● **Work task**
What are the lines below, starting at the line containing "Mini imprensa de" and ending at the line containing "Chino Asia hermanitas"? Write them out exactly, ends included, without pictures.

● **Data section**
↓
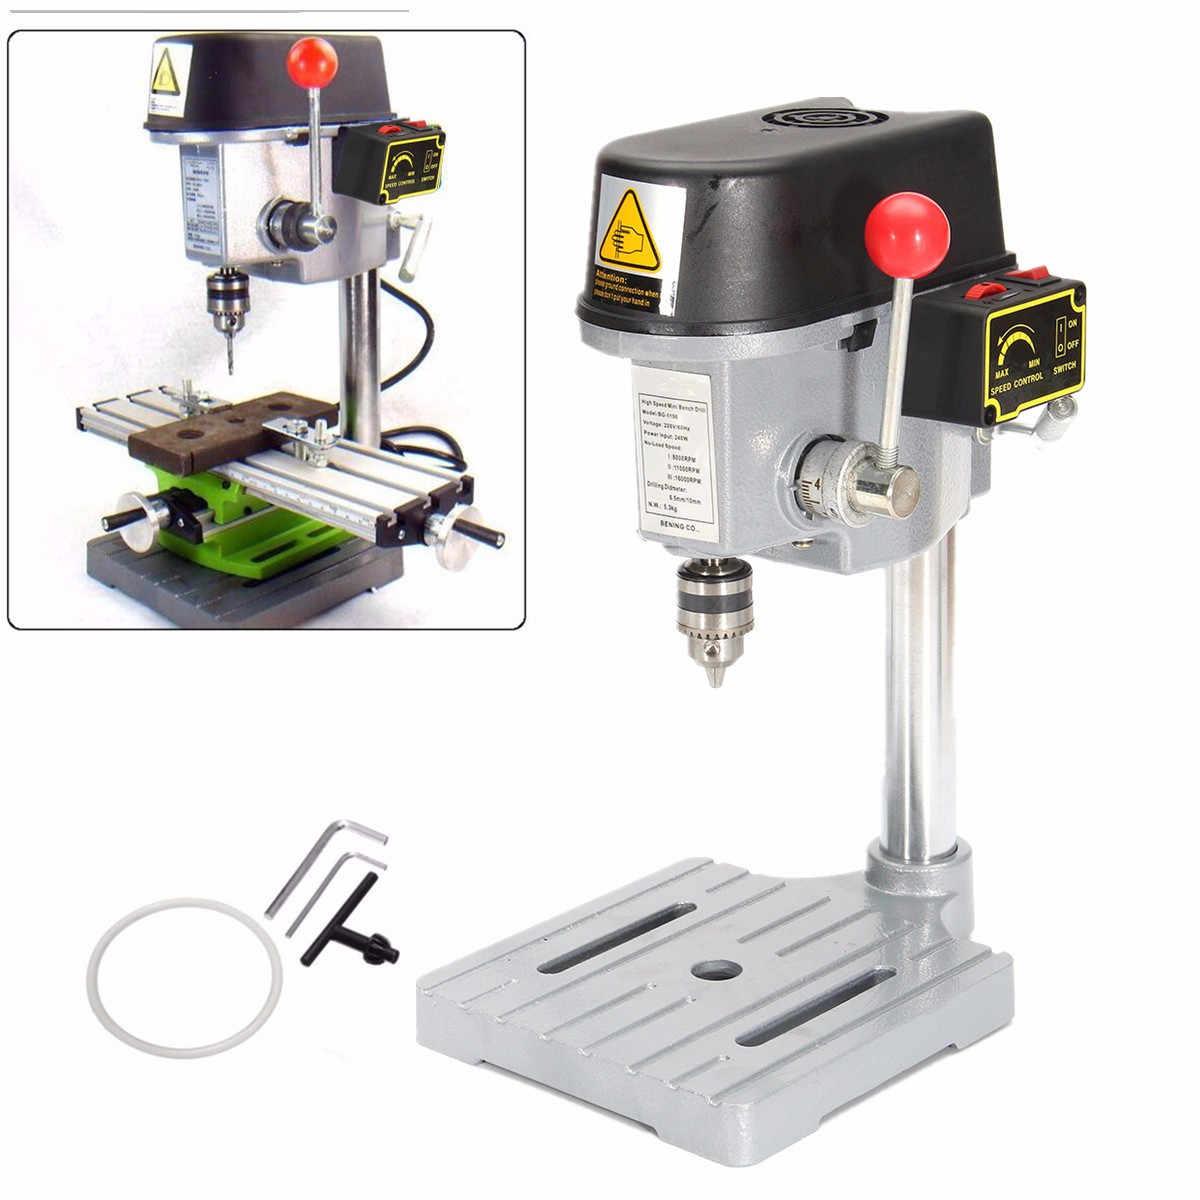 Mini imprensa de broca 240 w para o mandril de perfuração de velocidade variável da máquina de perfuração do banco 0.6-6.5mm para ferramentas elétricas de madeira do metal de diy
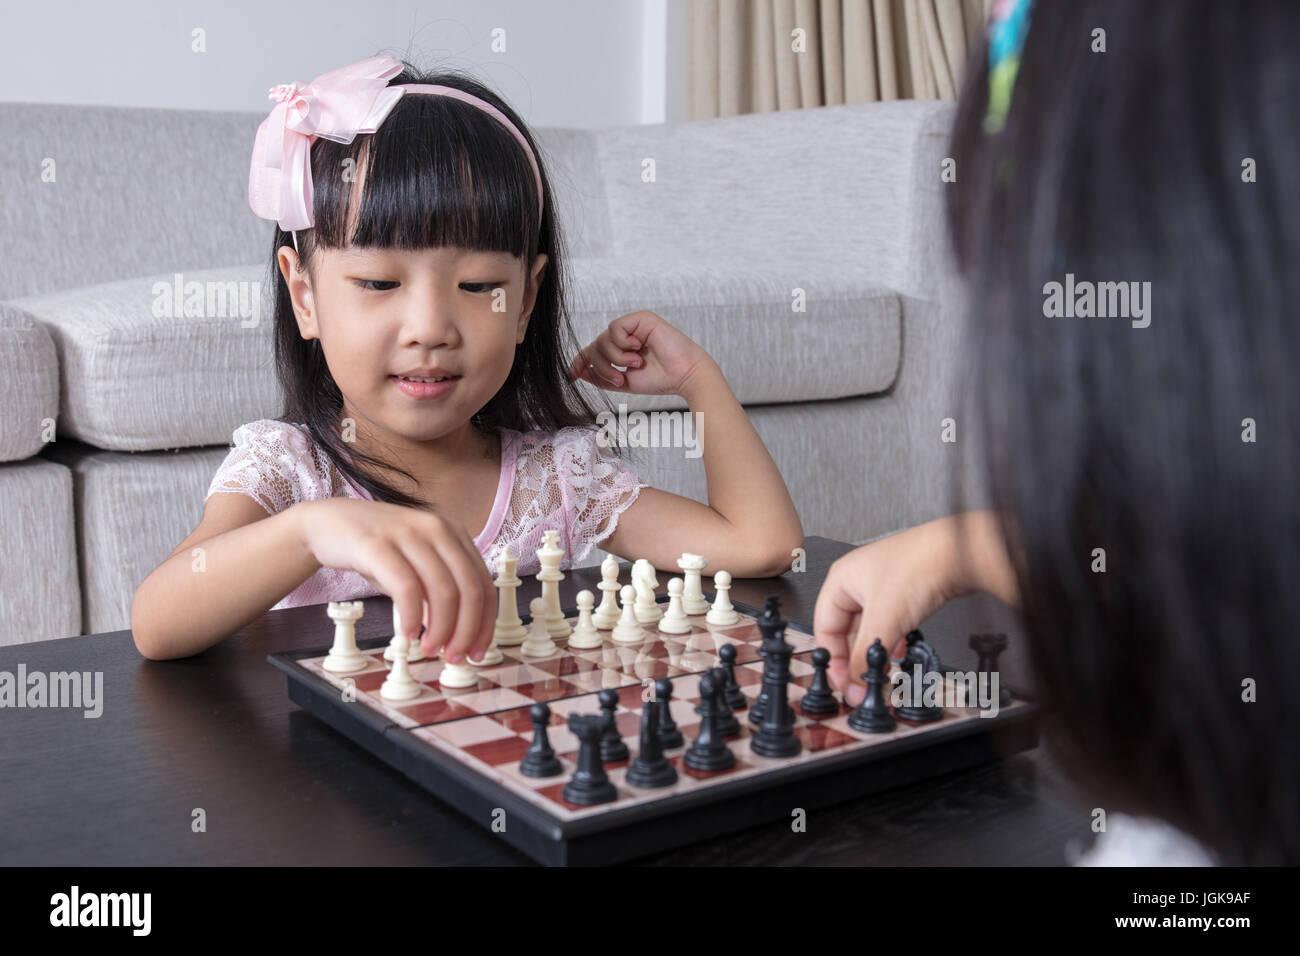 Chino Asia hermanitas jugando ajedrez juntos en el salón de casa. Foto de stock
↑
↓
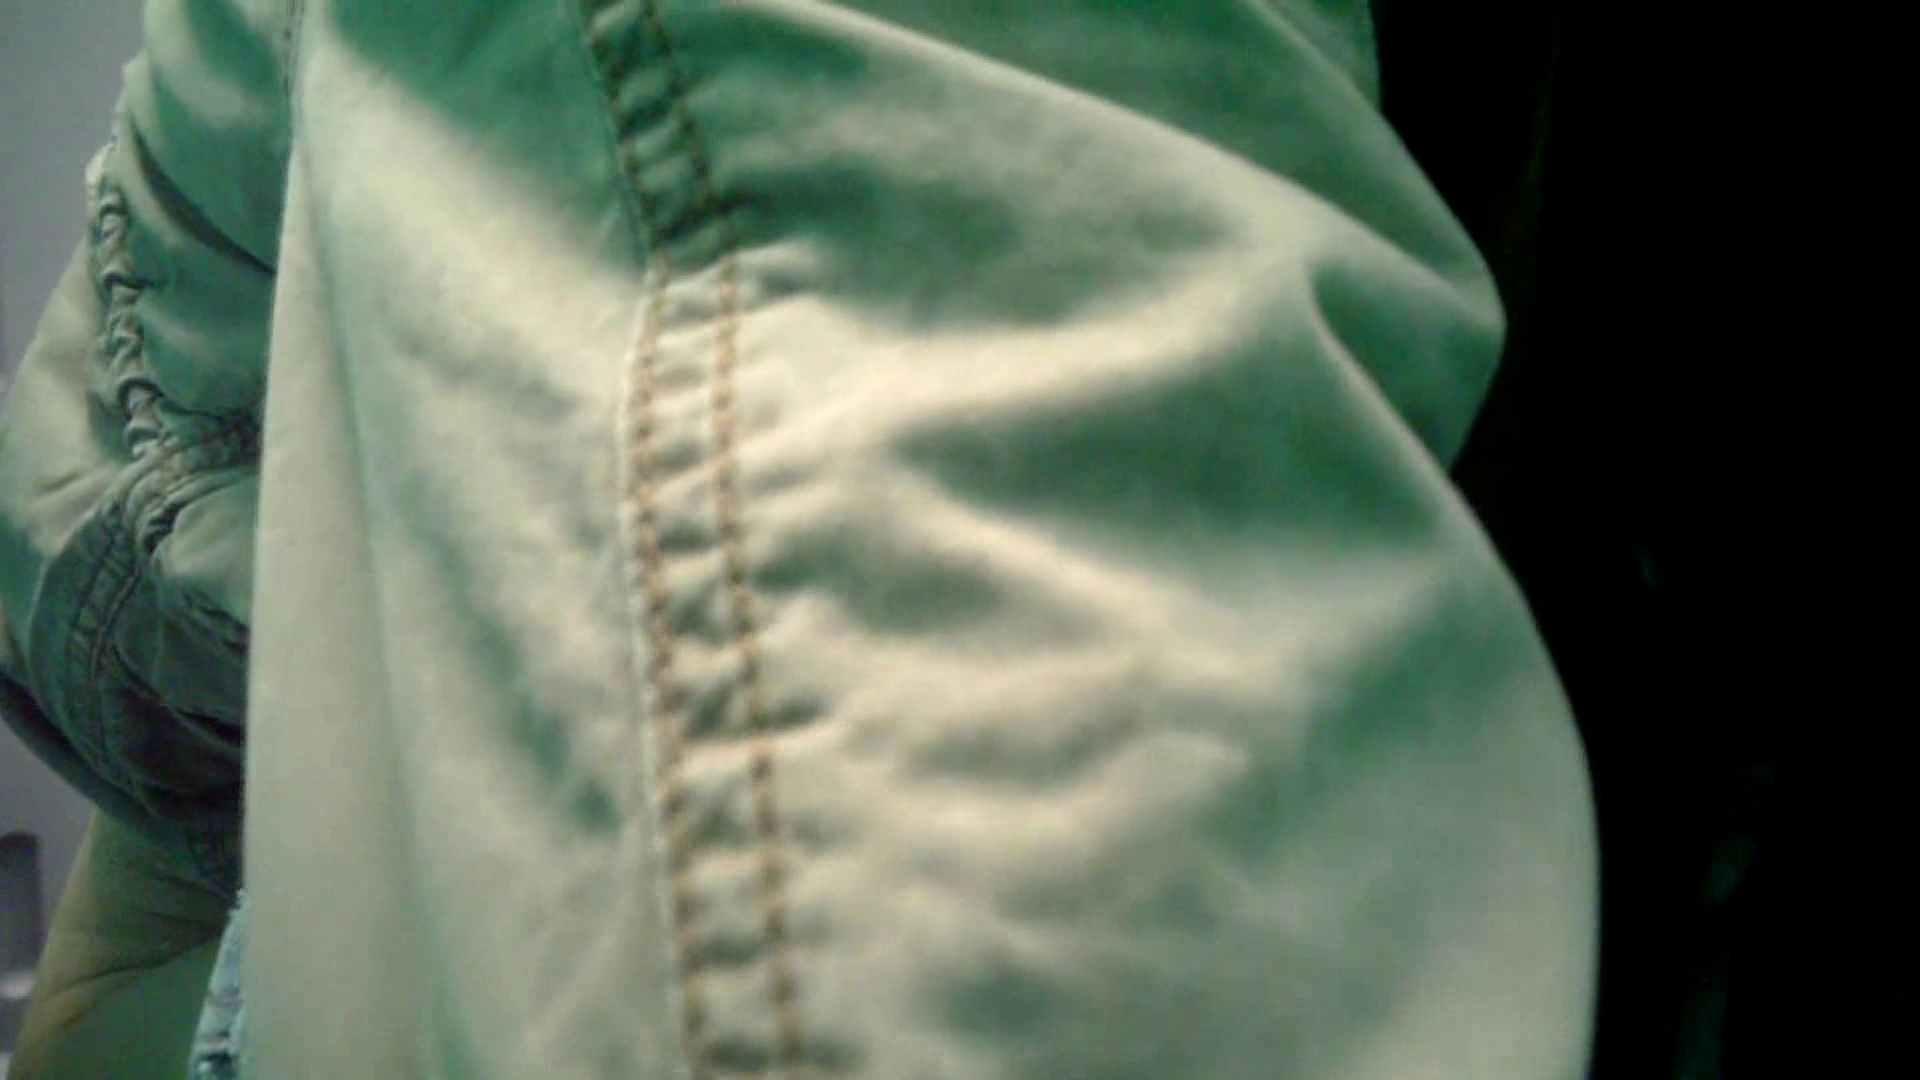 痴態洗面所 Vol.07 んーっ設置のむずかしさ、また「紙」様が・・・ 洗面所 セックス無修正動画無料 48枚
↑
● **Answer section**
 Mini imprensa de broca 240 w para o mandril de perfuração de velocidade variável da máquina de perfuração do banco 0.6-6.5mm para ferramentas elétricas de madeira do metal de diy
 Chino Asia hermanitas jugando ajedrez juntos en el salón de casa. Foto de stock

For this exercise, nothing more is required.